WHAT THIS TASK INVOLVES:
Within the lines below, the span from the line with "Motorcycle Chrome Bullet" to the line with "Vanesa | Vanesa", both ends included, is to be reproduced exactly, with pictures omitted.

EXTRACTED MATERIAL:
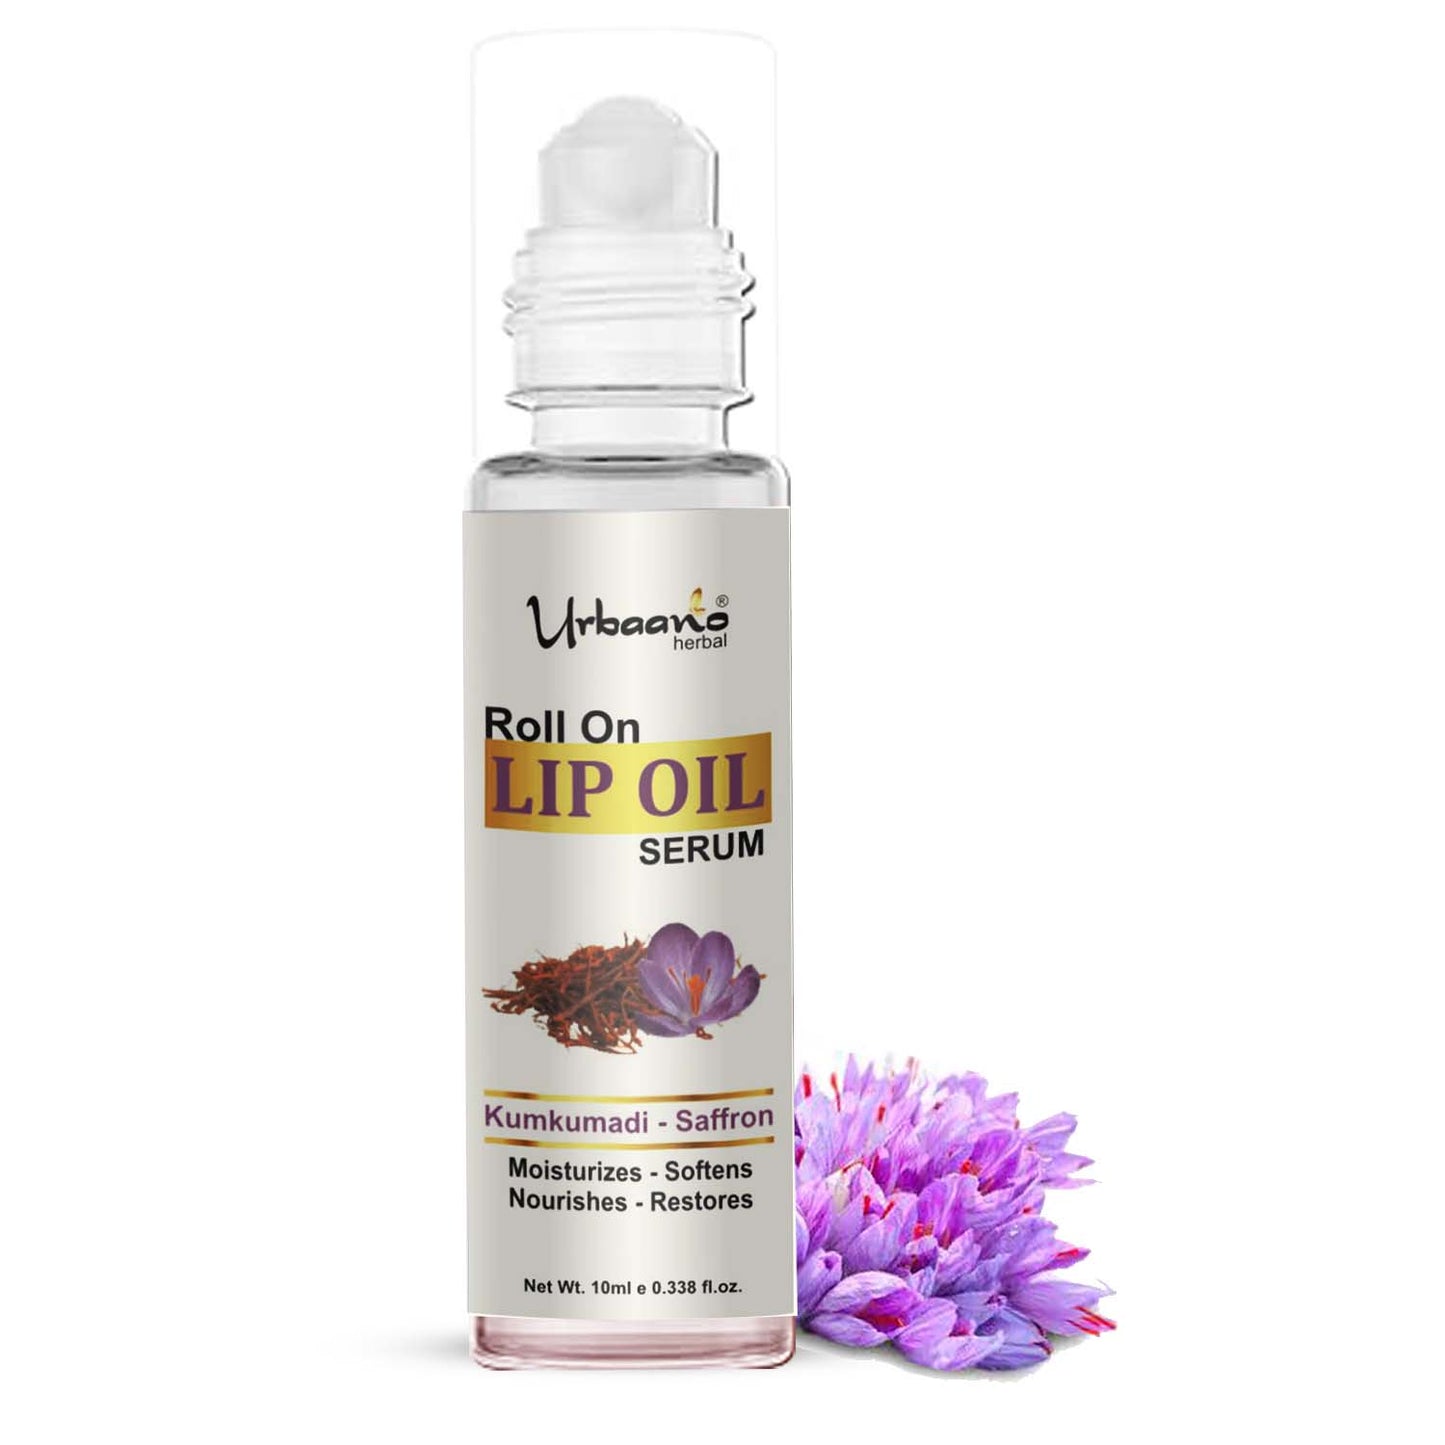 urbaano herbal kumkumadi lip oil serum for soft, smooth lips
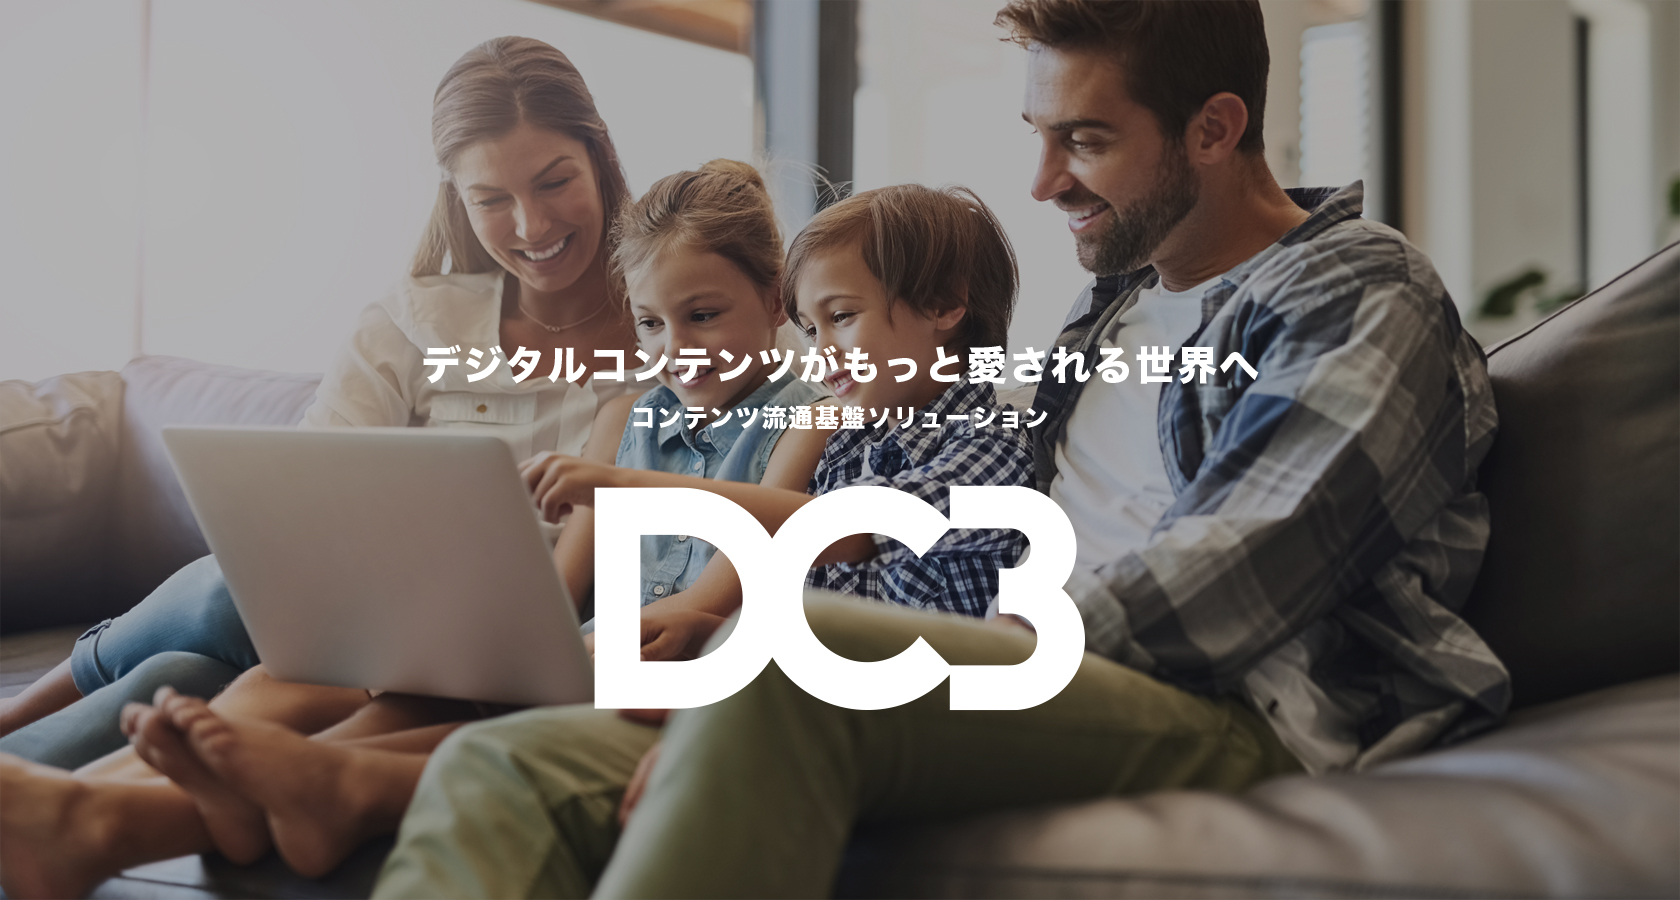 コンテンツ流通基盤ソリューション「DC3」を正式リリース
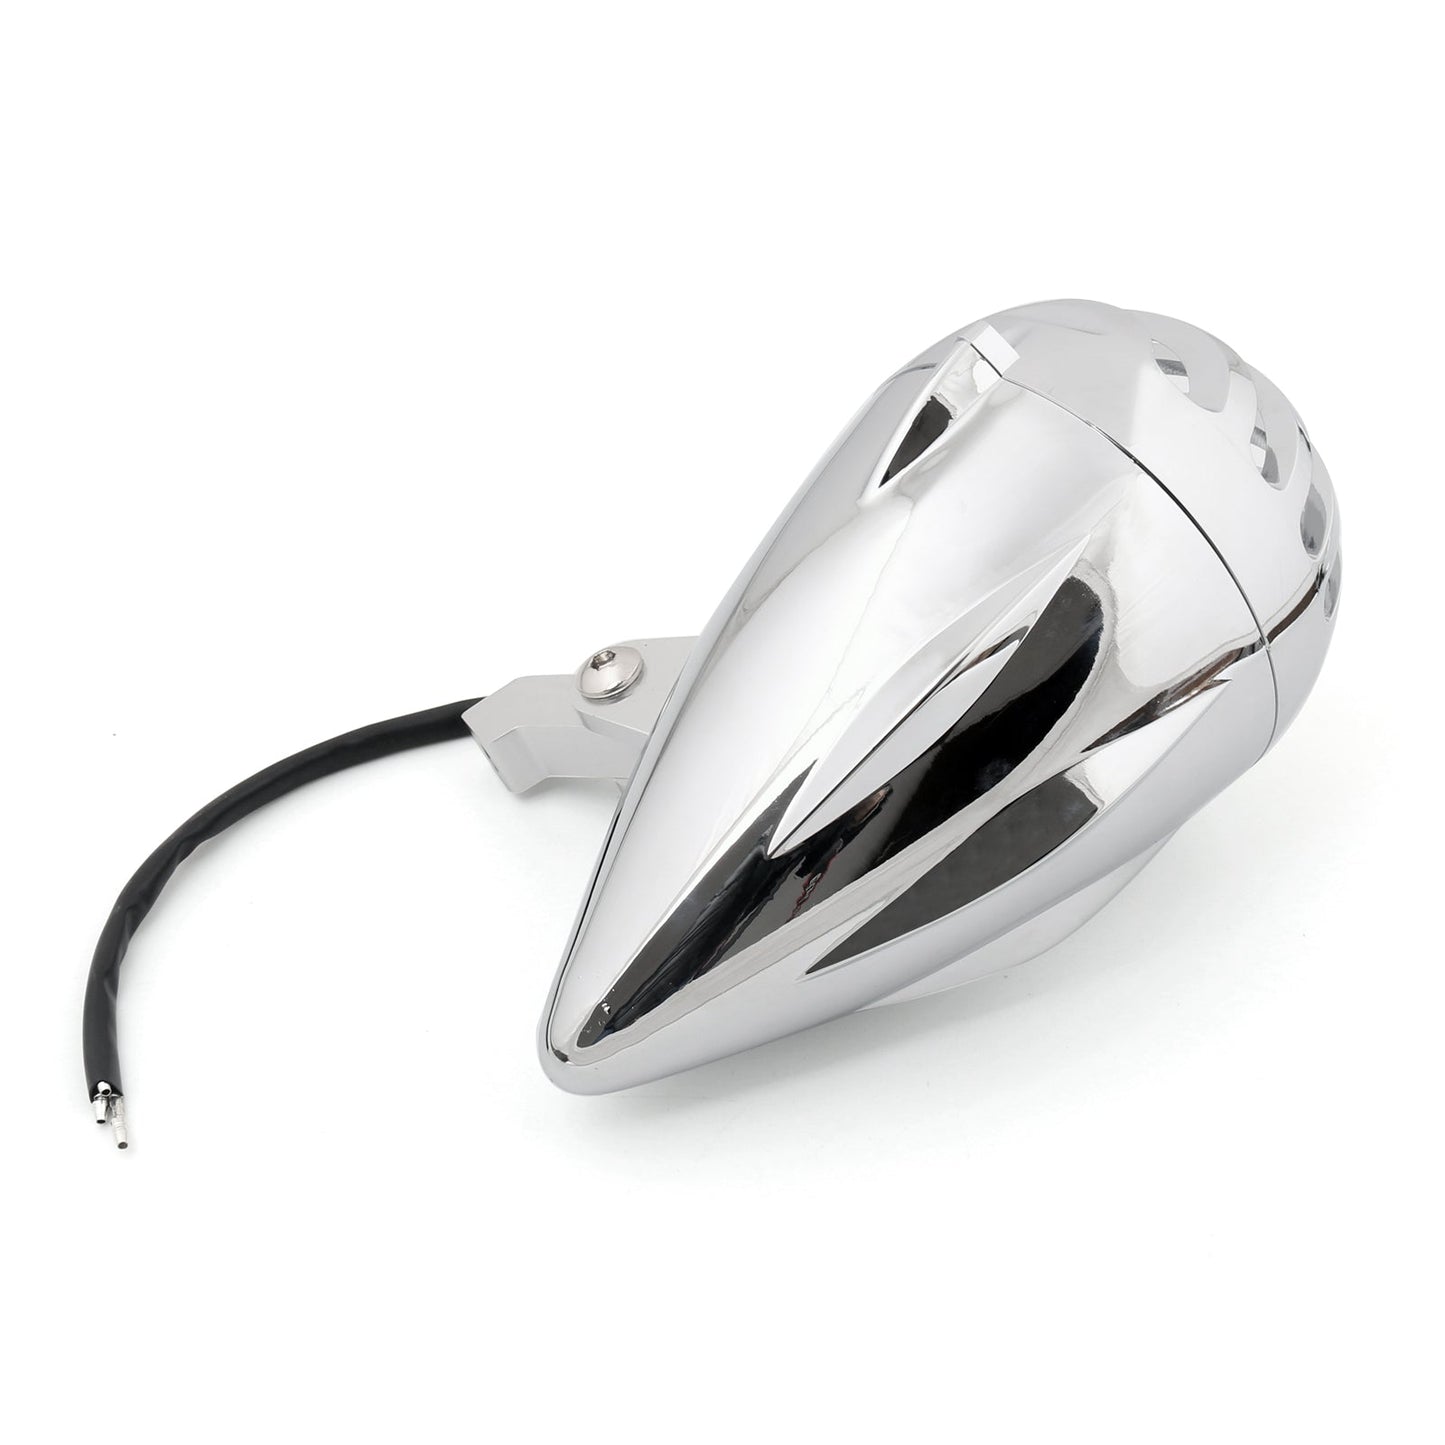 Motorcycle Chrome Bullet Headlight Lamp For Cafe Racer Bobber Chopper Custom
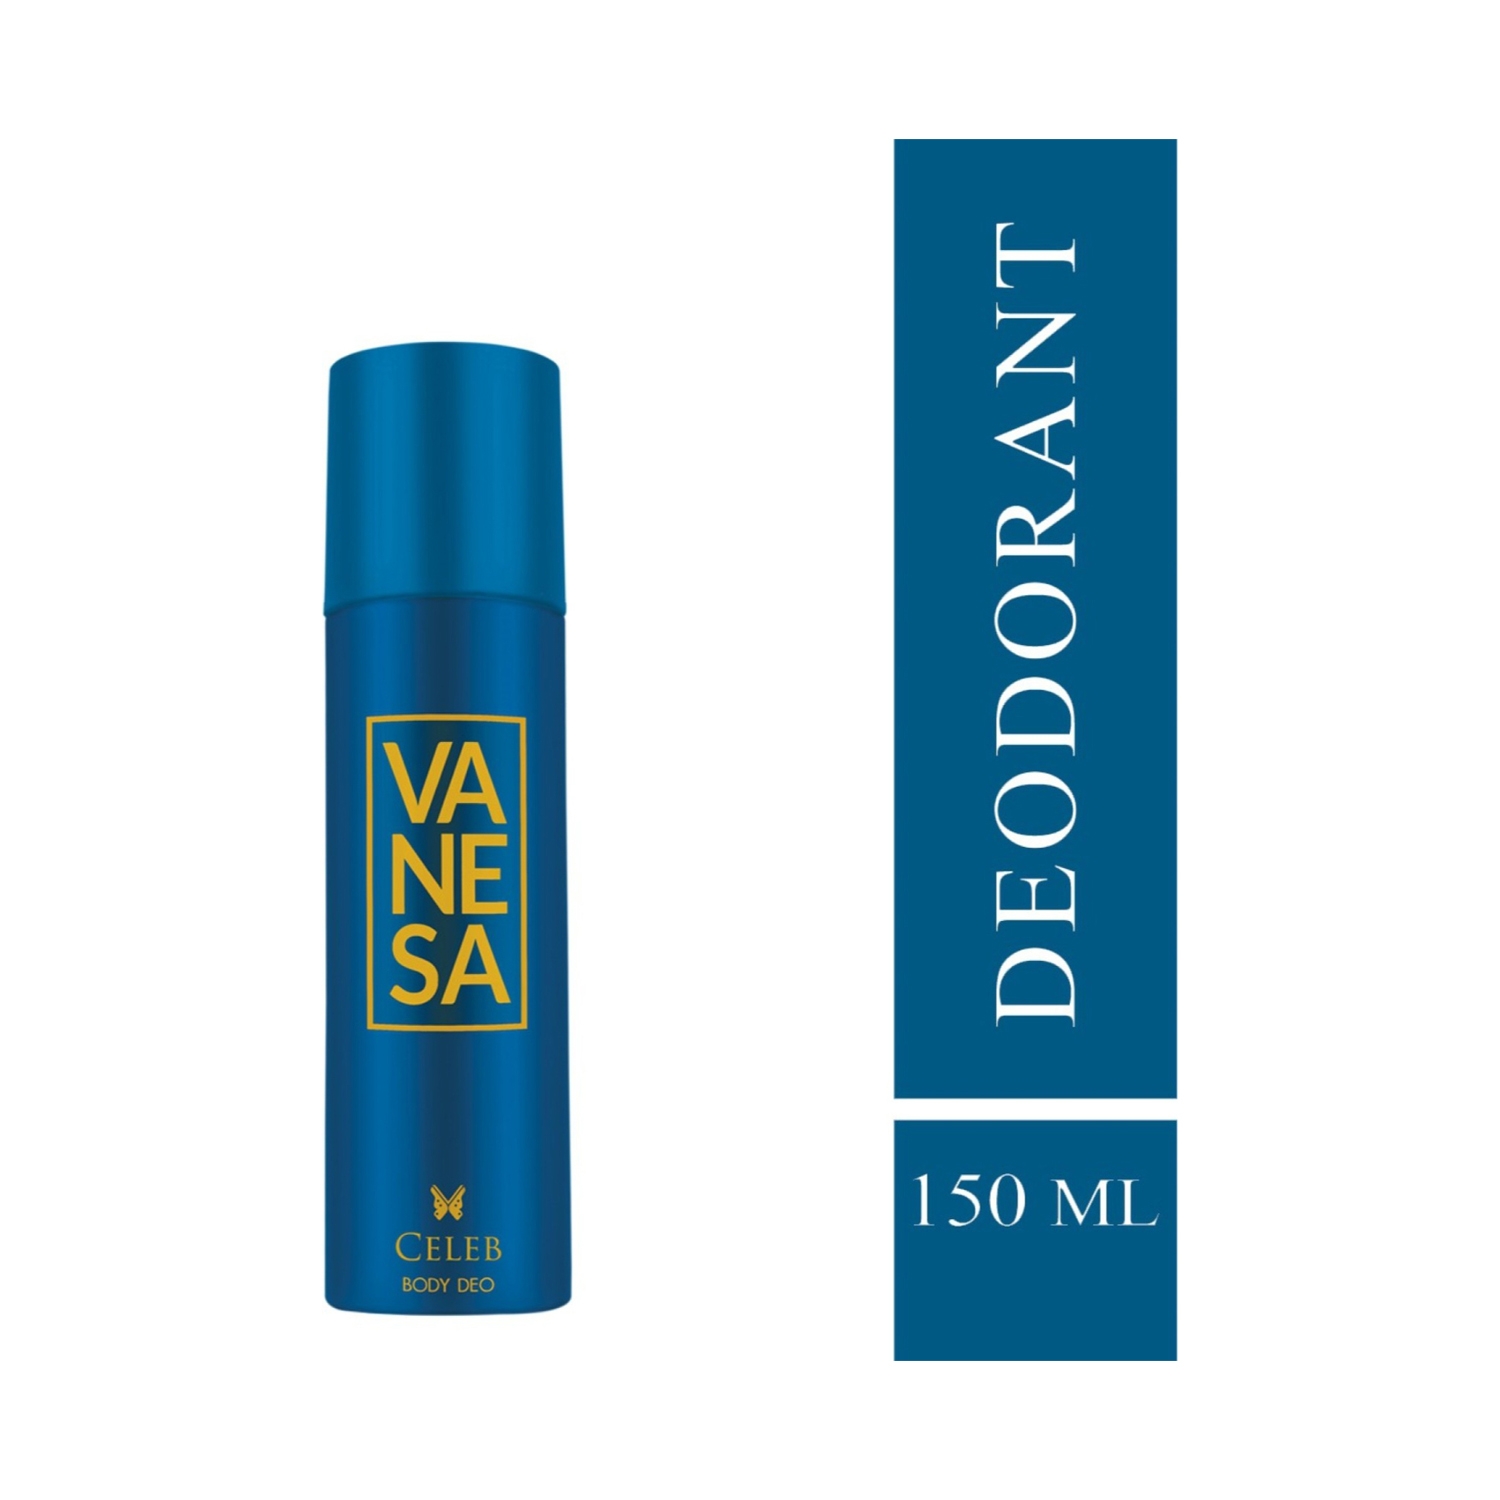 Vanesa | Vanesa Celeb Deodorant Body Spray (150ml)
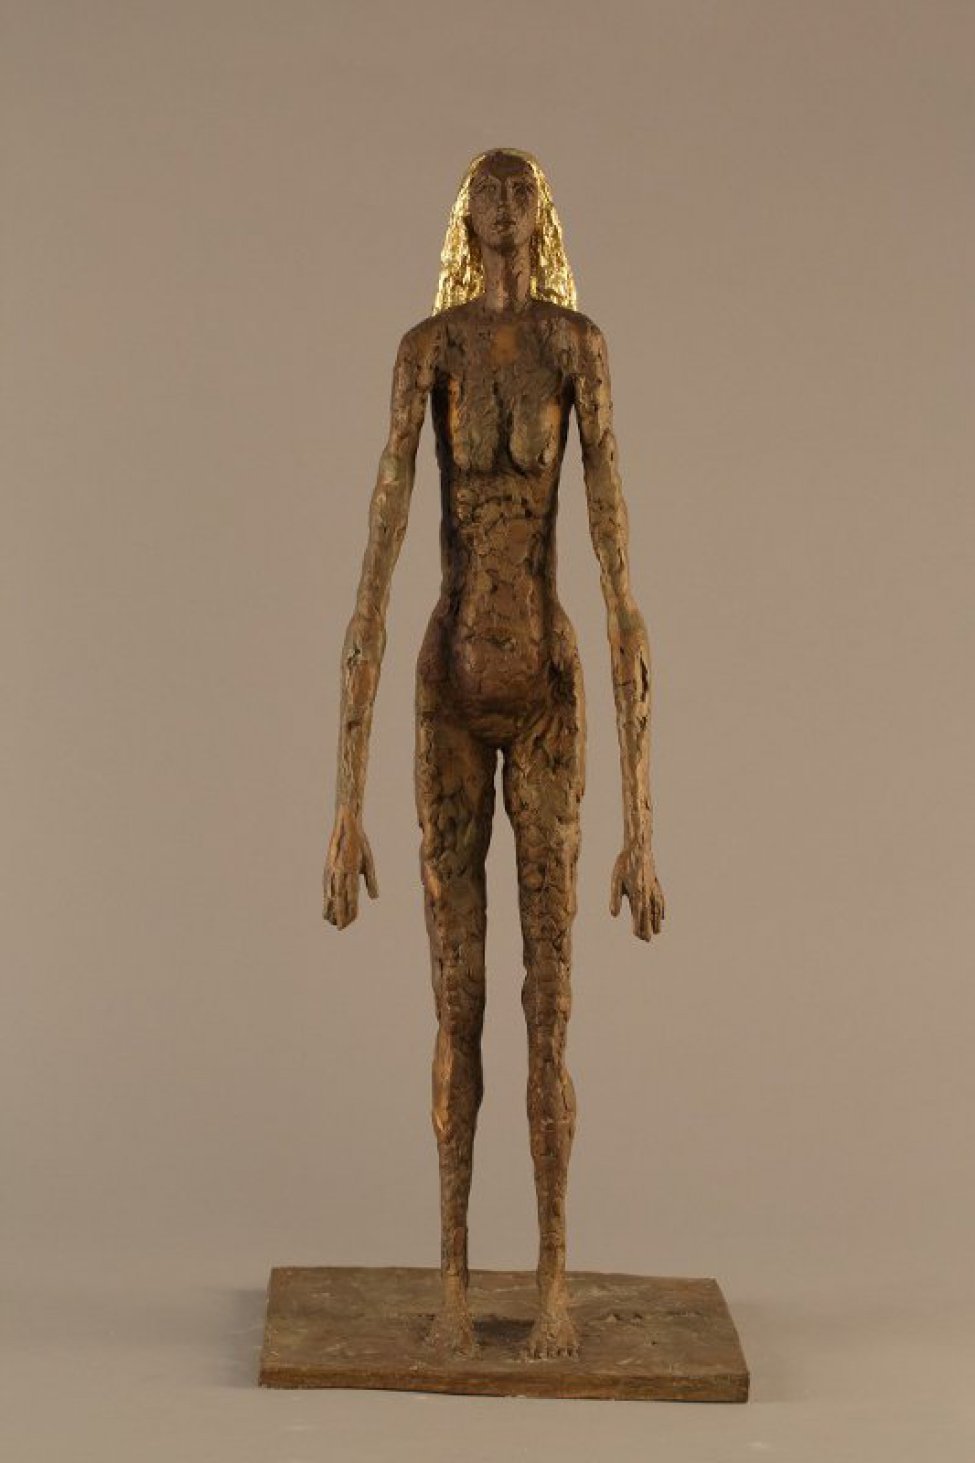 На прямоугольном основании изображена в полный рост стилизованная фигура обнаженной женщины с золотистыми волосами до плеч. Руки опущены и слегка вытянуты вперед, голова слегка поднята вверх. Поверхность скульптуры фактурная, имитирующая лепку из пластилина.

RESPONSE BOX:
 Motorcycle Chrome Bullet Headlight Lamp For Cafe Racer Bobber Chopper Custom
 Vanesa | Vanesa Celeb Deodorant Body Spray (150ml)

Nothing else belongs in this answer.